# TNT Marinated Brussels Sprouts



## kadesma (Jan 15, 2010)

This is often an appy for us but In spring and  hot summer evenings I like to serve this as cool side with a grilled steak or a chop even sausages.
Take 1-1/2 lbs of trimmed Brussels sprouts,3/4c white wine,6 Tab.wine vinegar,1-1/2 Tab. packed brown sugar,3 cloves crushed garlic,and a dash of Tabasco put in sauce pan,bring to boil til sugar dissolves/ Lower heat and simmer,partially covered til sprouts are barely tender, You want them to be crisp.Transfer to a bowl and then add 1 tab. chopped dill pickle, 3 Tab.chopped green onion both white and green.3 Tab. chopped pimento.Cover and refrigerate.Stir occasionally, for 24 hours or more. 
Enjoy,
kadesma


----------



## GB (Jan 15, 2010)

I love Brussels sprouts and this sounds delicious!


----------



## kadesma (Jan 15, 2010)

Thanks GB,
I often set aside a small bowl and enjoy then while I read or work on the computer.
lades


----------



## oneoffour (Jan 21, 2010)

Sounds good.
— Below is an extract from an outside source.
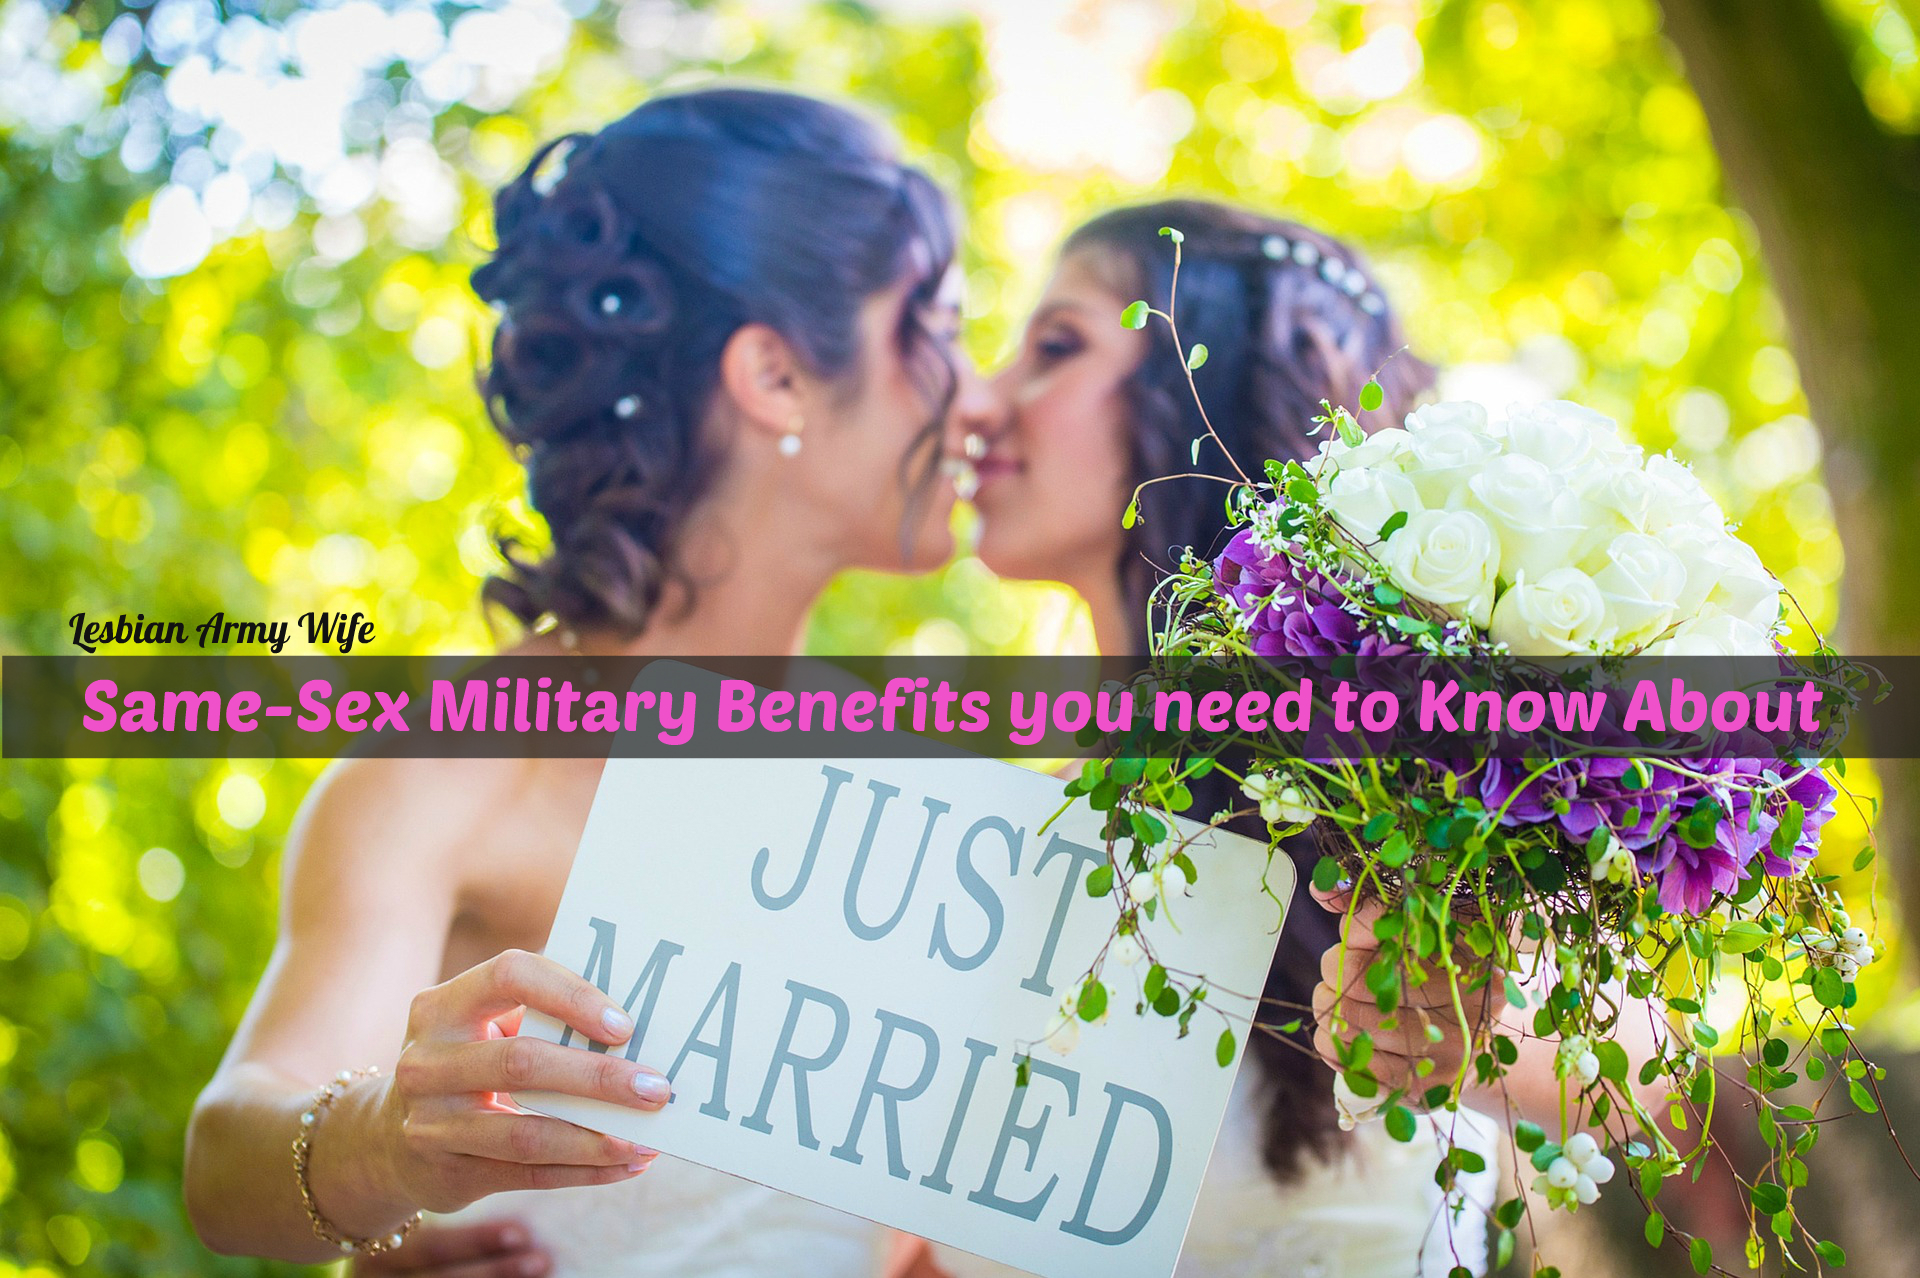 Same-Sex Marriage Military Benefits you need to know about

I copied and pasted it to office word. How do you think it would work with cauliflower florets?


----------



## kadesma (Jan 21, 2010)

oneoffour said:


> Sounds good. I copied and pasted it to office word. How do you think it would work with cauliflower florets?


I've never tried it,but I'd  make sure to keep the cauliflower crisp  otherwise it will fall apart. I imagine it would work and be great nice and cold.
kadesma


----------